Some of my earliest results were somewhat passable. The problem I had with some of those is that they summarized a bit too close to the source material, or else they were not necessarily correct. For instance:

Model prompt >>> What is fracking?
======================================== SAMPLE 1 ========================================
Fracking is an unconventional method of extracting natural gas from shale rock. The process uses high pressure water to crack open the rock and release the gas. The gas is then injected into the ground to release water.
The process is controversial because it can release large amounts of methane, a greenhouse gas that can cause global warming.
The Environmental Protection Agency (EPA) has said that fracking is safe and that the process is safe for drinking water.
What are the environmental benefits of fracking?
Fracking has been used in the United States since the 1970s, but it has only been used in the past two years.
The Environmental Protection Agency (EPA) has said that fracking is safe and that the process is safe for drinking water.
The EPA also said that the process can help reduce the amount of water needed to produce gas.
What is the impact of fracking on the environment?
The EPA has said that fracking can reduce the amount of water needed to produce gas.
The process also has the potential to release large amounts of methane into the atmosphere.
What are the environmental benefits of fracking?
Fracking has been used in the United States since the 1970s, but it has only been used in the past two years.
The EPA has said that fracking is safe and that the process is safe for drinking water.

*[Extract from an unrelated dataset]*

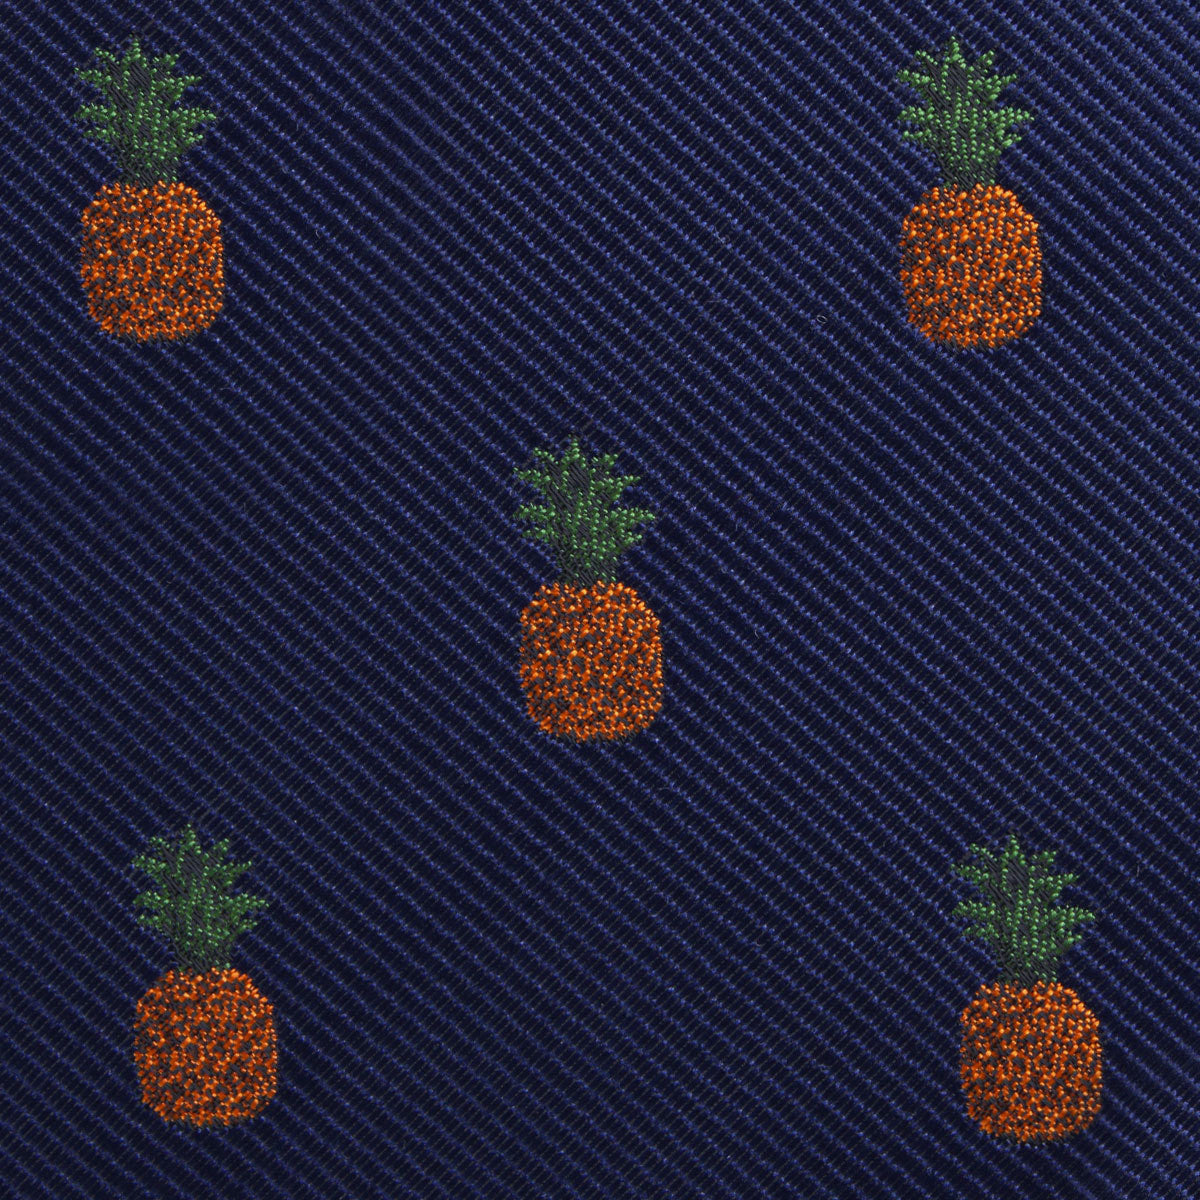 Pineapple Fabric Kids Diamond Bow Tie

The above has some potential, but there’s also a lot to clean up. Running through GPT-2 felt like a trip for a bit until I hit the following:

Model prompt >>> What is SEO Search Engine Optimization?
======================================== SAMPLE 1 ========================================
SEO is the process of finding and ranking for relevant keywords in search engines.
SEO is the process of finding and ranking for relevant keywords in search engines.
SEO is the process of finding and ranking for relevant keywords in search engines.
SEO is the process of finding and ranking for relevant keywords in search engines.
SEO is the process of finding and ranking for relevant keywords in search engines.
SEO is the process of finding and ranking for relevant keywords in search engines.
…

While my phrasing may seem a bit awkward, it’s because I was trying to get out of the patterns I had run into with some other similar searches:

Model prompt >>> What is SEO?
======================================== SAMPLE 1 ========================================
SEO is the process of creating a website that is easy for people to find, and easy for them to find a site that they want to buy from. It’s a process that takes a lot of time and effort, and it’s not something that you can just do on your own.
The best way to learn how to do SEO is to read the articles that I’ve written on this blog.
If you’re new to SEO, the first thing you should do is to read the articles that I’ve written on this blog.
Now, if you’re a seasoned SEO, you should read the articles that I’ve written on this blog.
If you’re not a seasoned SEO, you should read the articles that I’ve written on this blog.
If you’re not a seasoned SEO, you should read the articles that I’ve written on this blog.
Now, if you’re a seasoned SEO, you should read the articles that I’ve written on this blog.
Now, if you’re a seasoned SEO, you should read the articles that I’ve written on this blog.
…

And:

Model prompt >>> What is Search Engine Optimization?
======================================== SAMPLE 1 ========================================
Search Engine Optimization is a process that helps you rank higher in search results.
The process is called “optimization” because it helps you rank higher in search results.
What is the difference between a “Rank” and a “Rank” Score?
A “Rank” is a numerical score that is used to rank sites on a website.
A “Rank” Score is a numerical score that is used to rank sites on a website.
A “Rank” Score is a numerical score that is used to rank sites on a website.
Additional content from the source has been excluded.